*** Block opens ***

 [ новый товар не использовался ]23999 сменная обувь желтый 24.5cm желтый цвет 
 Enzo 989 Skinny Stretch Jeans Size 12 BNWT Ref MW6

*** Block closes ***
*** Block opens ***

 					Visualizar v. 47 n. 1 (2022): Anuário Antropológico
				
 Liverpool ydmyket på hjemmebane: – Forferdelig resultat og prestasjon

*** Block closes ***

# [Work to complete]
Set down precisely the lines above between the line holding "[ новый товар" and the line holding "Enzo 989 Skinny", inclusive, and nothing beyond them.

# [Solution to the exercise]
 [ новый товар не использовался ]23999 сменная обувь желтый 24.5cm желтый цвет 
 Enzo 989 Skinny Stretch Jeans Size 12 BNWT Ref MW6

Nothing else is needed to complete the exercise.